Surface keratin needs to be constantly replenished from the granular layer, which in turn is constantly repopulated by cells from the prickle layer. The prickle cells are produced by proliferation of cells in the basal layer.


Turnover, from basal cell to desquamated keratin, varies from site to site, being faster (i.e. 25–30 days) in traumatized areas (e.g. soles); slow turnovers range from 40 to 50 days. The turnover period is considerably shortened in some skin diseases, particularly psoriasis.



Non-keratinizing Epidermal Cells


In addition to keratinocytes, the epidermis also contains melanocytes, Langerhans’ cells and Merkel cells.


Melanocytes produce the protective pigment melanin


Melanin is largely responsible for skin colour and minimizes tissue damage by ultraviolet radiation.


Melanocytes are derived from neuroectoderm and are located in the basal layer of keratinocytes in contact with the basement membrane. They are pale staining, with large ovoid nuclei and abundant cytoplasm, from which numerous long cytoplasmic processes extend into the spaces between the keratinocytes.


Melanocyte cytoplasm contains characteristic membrane-bound ovoid granules (premelanosomes and melanosomes), which have a striated electron-dense core and produce melanin (Fig. 18.8c). In the production of melanin, tyrosine is converted into an intermediate pigment, which polymerizes into melanin.



Melanin binds to proteins to form the active melanoprotein complex, which appears ultrastructurally as spherical masses of homogeneous electron-dense material, and often obscures the premelanosomes.


Melanoprotein complexes pass along the cytoplasmic processes of the melanocyte and are transferred into the cytoplasm of basal and prickle cell layer keratinocytes, the highest concentration being in the basal layers.


Melanocyte numbers remain more or less constant but their degree of activity is genetically variable, accounting for racial and individual variation in skin colour.



image Clinical Example



Tumours of Melanocytes


Moles or nevi are local aggregations of melanocytes in the epidermis and dermis, producing the regular, slightly raised, brown skin lesions familiar to everyone. These are local developmental abnormalities and are not true tumours. However, malignant melanocytic tumours can occasionally develop within them, the early indications that this is about to happen being changes in the shape, size and pigmentation of a nevus, which had previously been unchanged for many years. These malignant tumours of melanocytes are called malignant melanomas and may also occur in normal skin, which has no evidence of a pre-existing nevus. If recognized and excised at an early stage, malignant melanomas are curable, but once they reach a certain size and depth of invasion into the dermis, they begin to spread away from the site of origin, initially by lymphatic channels to regional lymph nodes, and eventually by the bloodstream to many different sites, such as the liver, lungs, brain, etc.

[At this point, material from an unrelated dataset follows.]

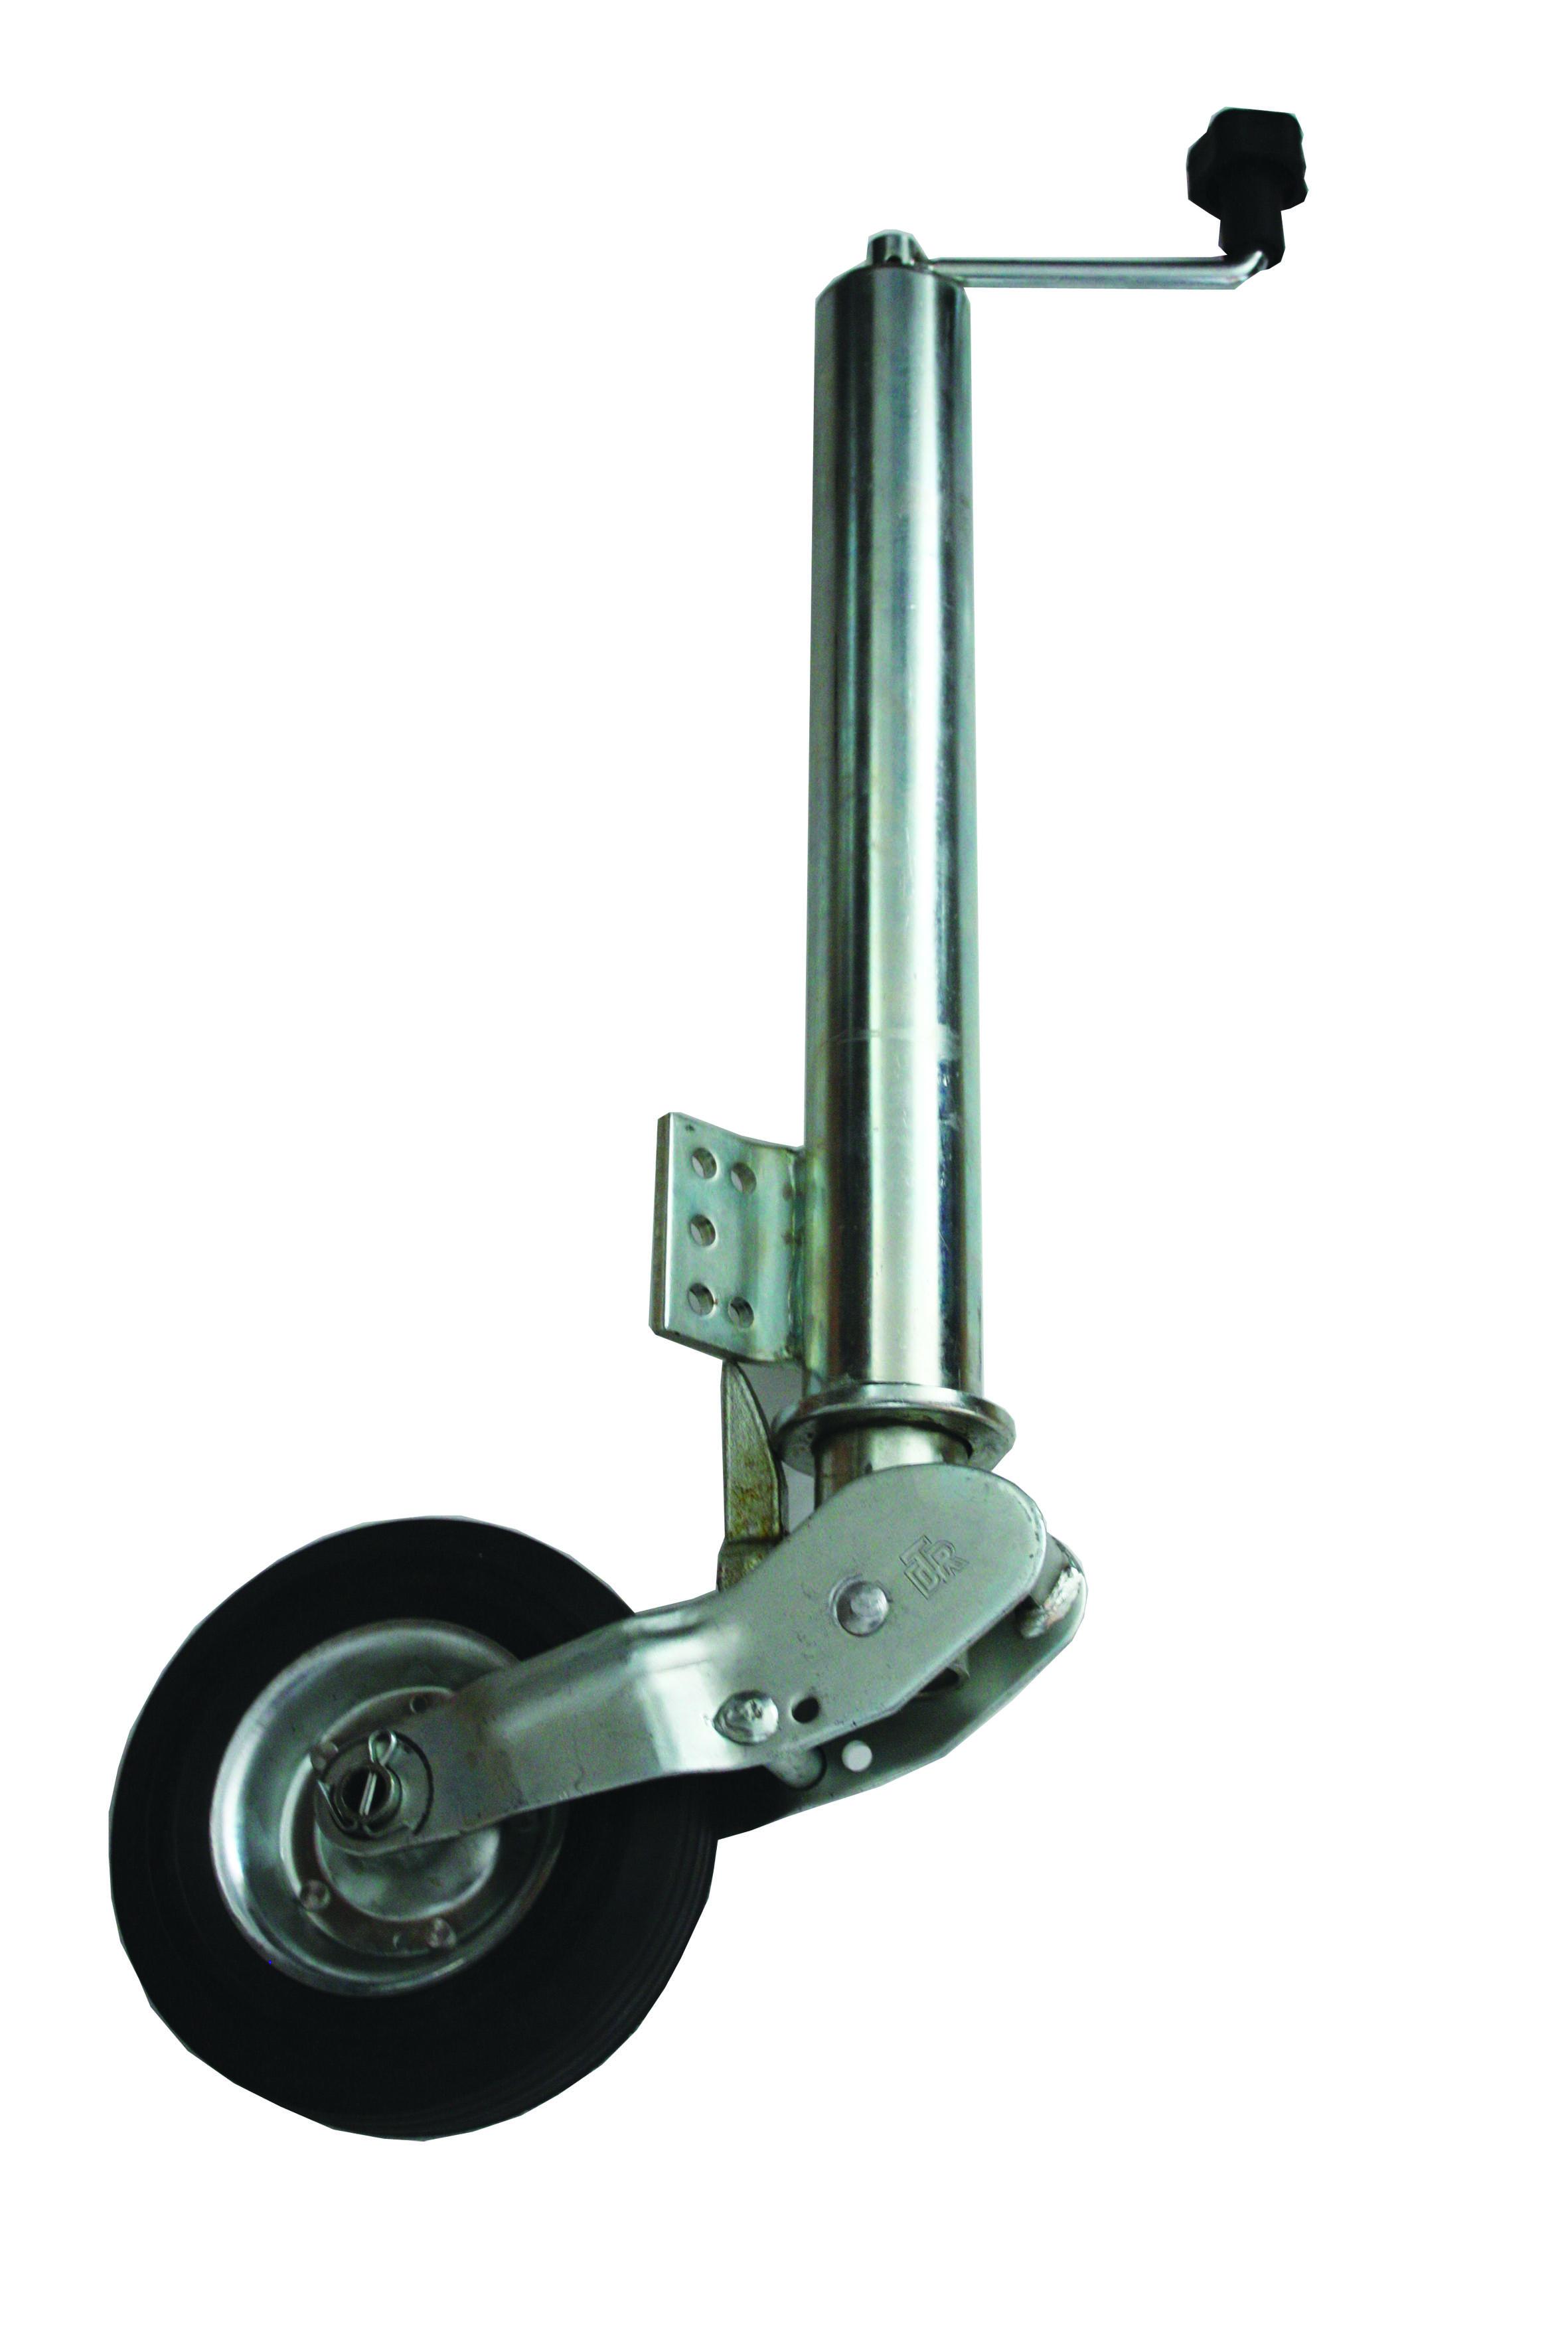 9f5648f9432 JS Trailer Parts fuldautomatisk klapbart støttehjul - næsehjul.

Langerhans’ cells are antigen recognition cells


Langerhans’ cells are located in all layers of the epidermis but are most easily seen in the prickle cell layer. They recognize antigen and are an important component of the immune system (see pp. 128-129).


Like melanocytes, Langerhans’ cells have an ovoid, pale-staining nucleus surrounded by pale-staining cytoplasm from which cytoplasmic (dendritic) processes extend between the keratinocytes.

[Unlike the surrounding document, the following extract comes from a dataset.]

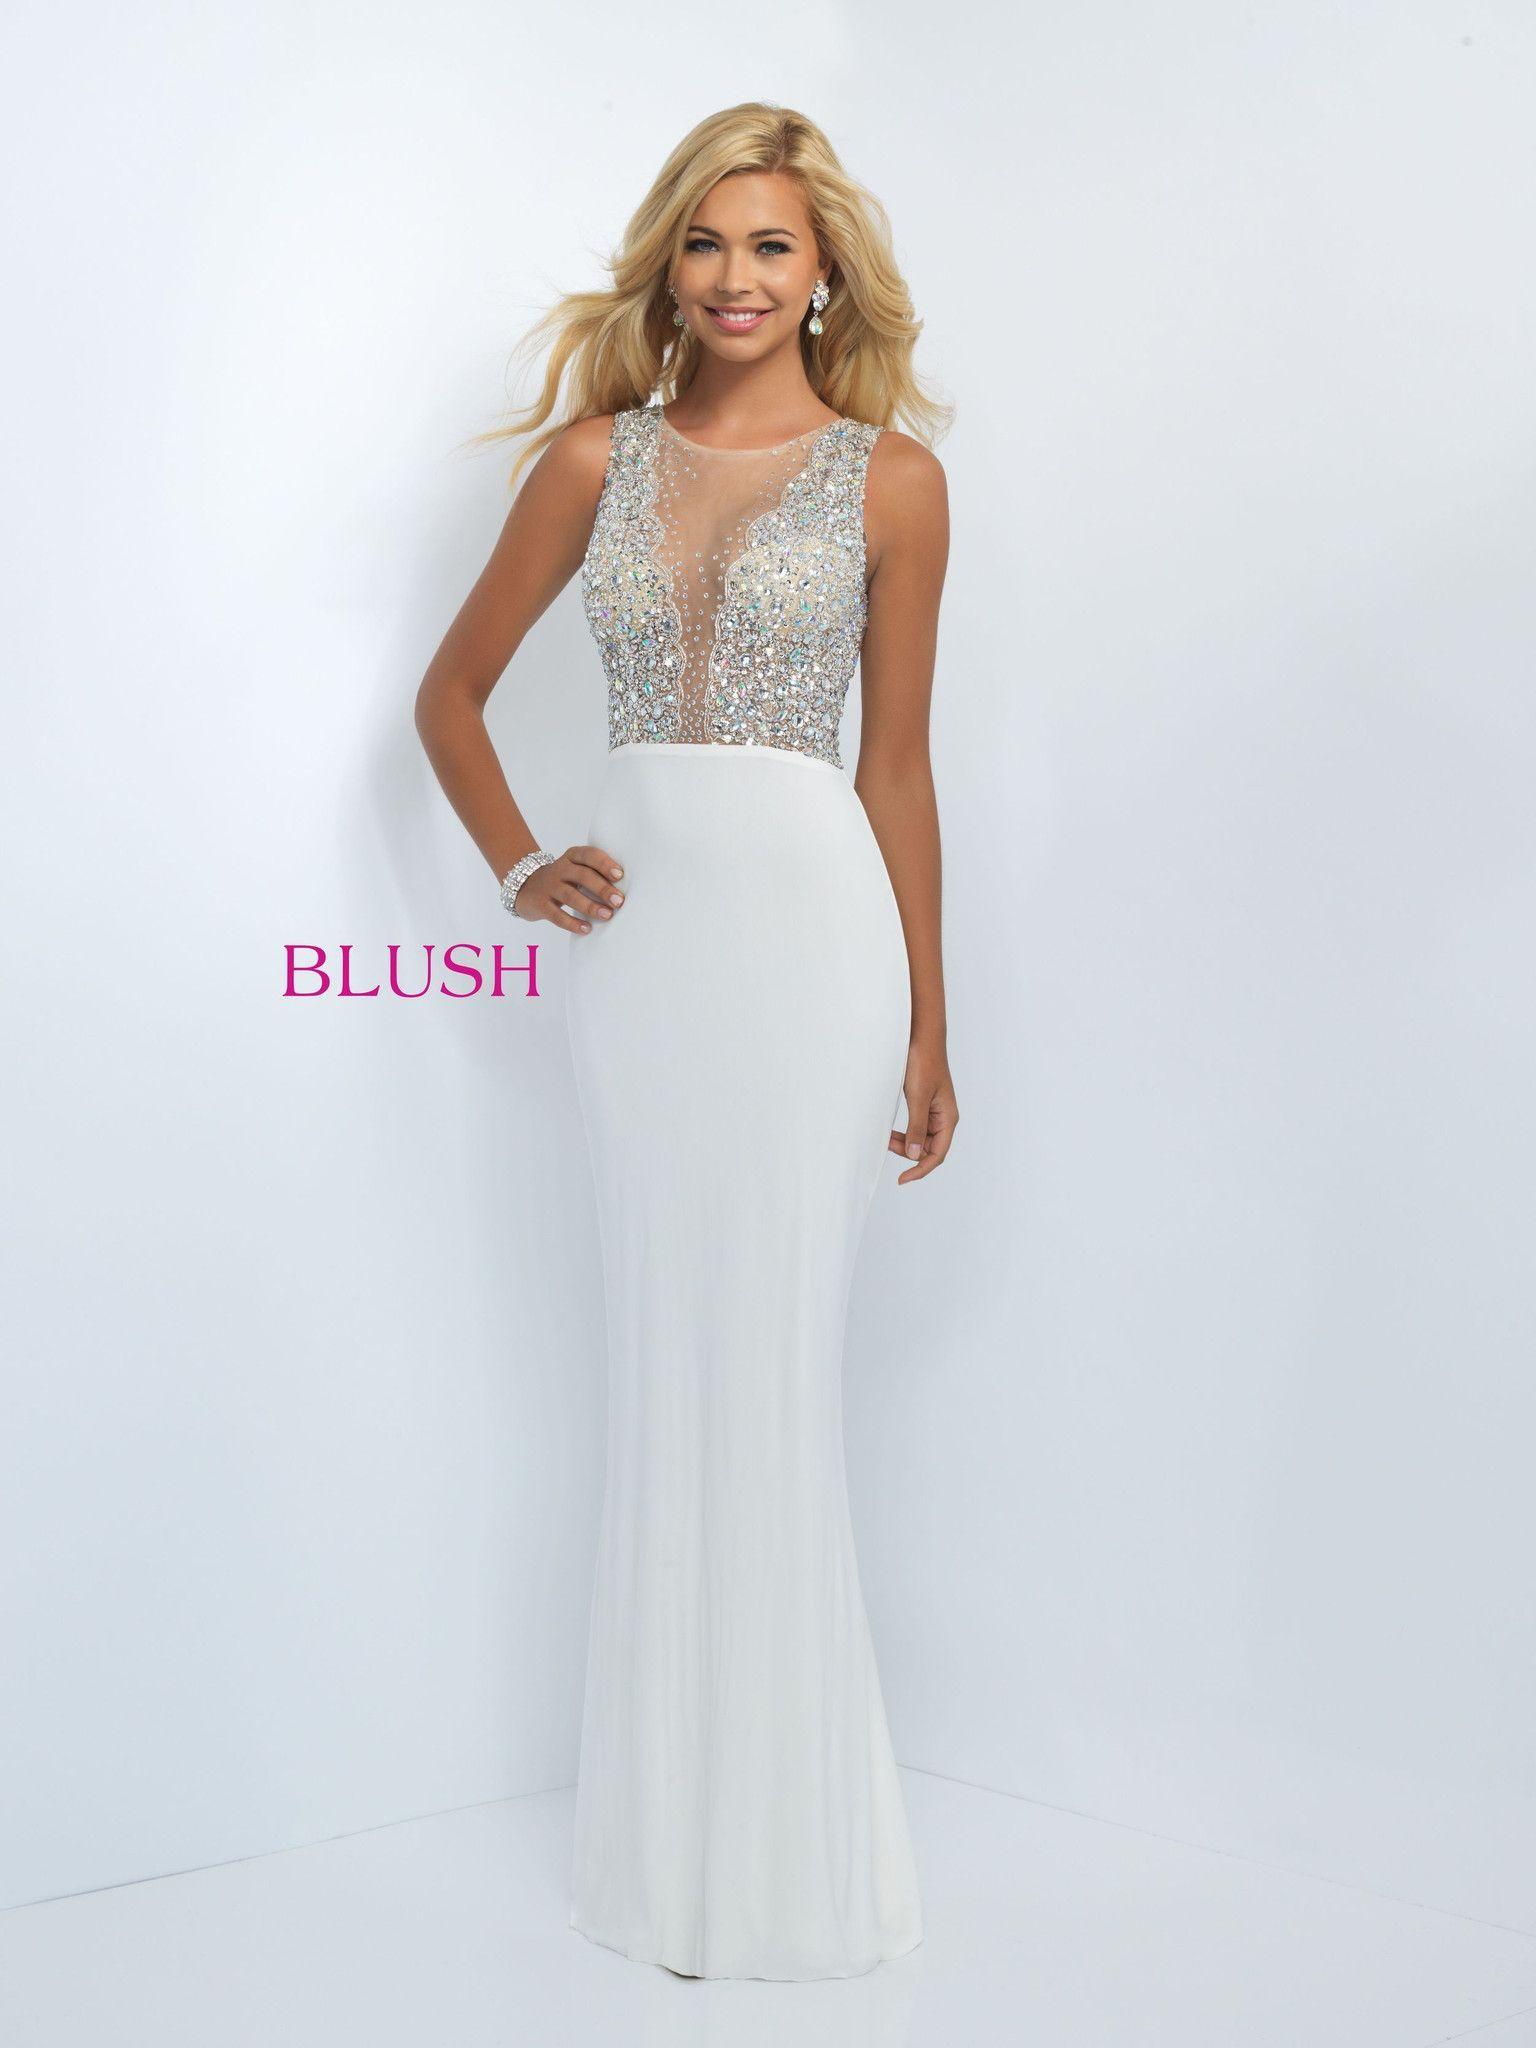 Blush prom off white products pinterest blush prom prom

Langerhans’ cell cytoplasm contains scattered characteristic Birbeck granules, which are rod-like structures with periodic cross-striations and are most numerous near the Golgi. Sometimes one end of the rod is distended to form a spherical saccule, giving the appearance of a tennis racket (Fig. 18.9d).

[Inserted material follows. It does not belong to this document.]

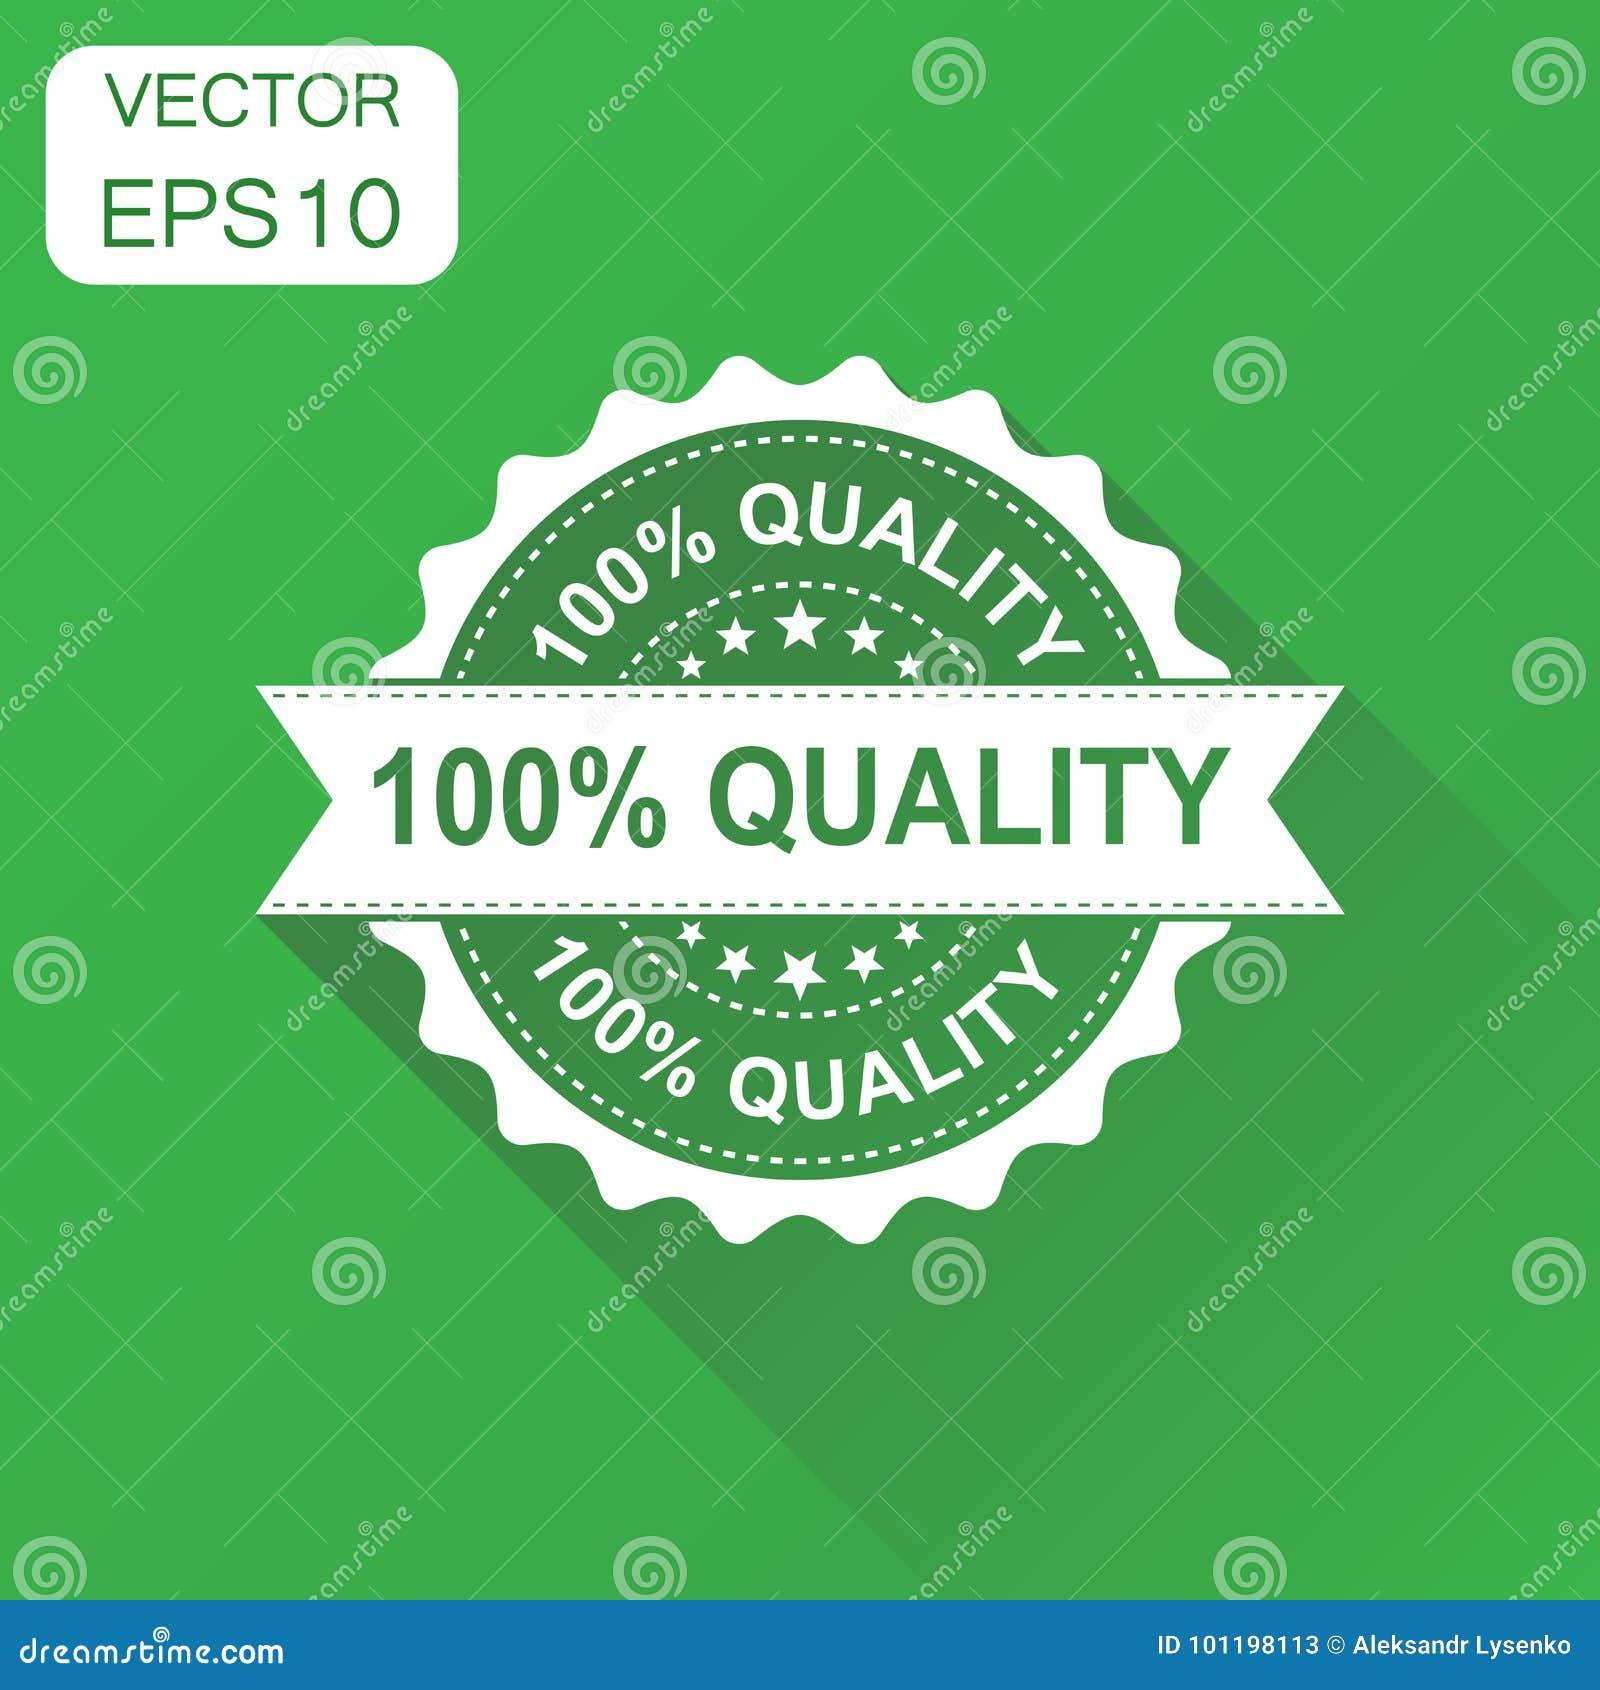 100  quality rubber stamp icon. Business concept 100 percent qua

Although present in small numbers in healthy skin, Langerhans’ cells are increased both in number, and in the extent and complexity of their dendritic processes, in many chronic inflammatory skin disorders, particularly those with an allergic or immune aetiology, such as chronic atopic dermatitis.


Merkel cells are sensory receptors in the epidermis


Merkel cells are scanty and difficult to demonstrate in normal skin. They are found in the basal layer and resemble melanocytes by routine light microscopy, but electron microscopy reveals rounded membrane-bound cytoplasmic neuroendocrine-type granules.


Merkel cells form synaptic junctions with peripheral nerve endings at the base of the cell and also scanty desmosomal attachments to adjacent keratinocytes (Fig. 18.10). They occur either as scattered solitary cells or as aggregates, when they are associated with a so-called hair disc, located immediately beneath the basement membrane. Such aggregates are thought to be touch receptors and are sometimes called ‘tactile corpuscles’.



image Clinical Example



Dermatitis (Inflammation of Skin)


The skin is exposed to many damaging agents, such as chemicals and ultraviolet irradiation, which produce a wide variety of common rashes. A common type of dermatitis, seborrhoeic dermatitis, is shown in Figure 18.11.


In addition, the skin reacts to internal abnormalities, and produces rashes in response to disorders, such as viral infections (e.g. measles) and drug allergies (e.g. penicillin rash).


The cause of most skin diseases is not known.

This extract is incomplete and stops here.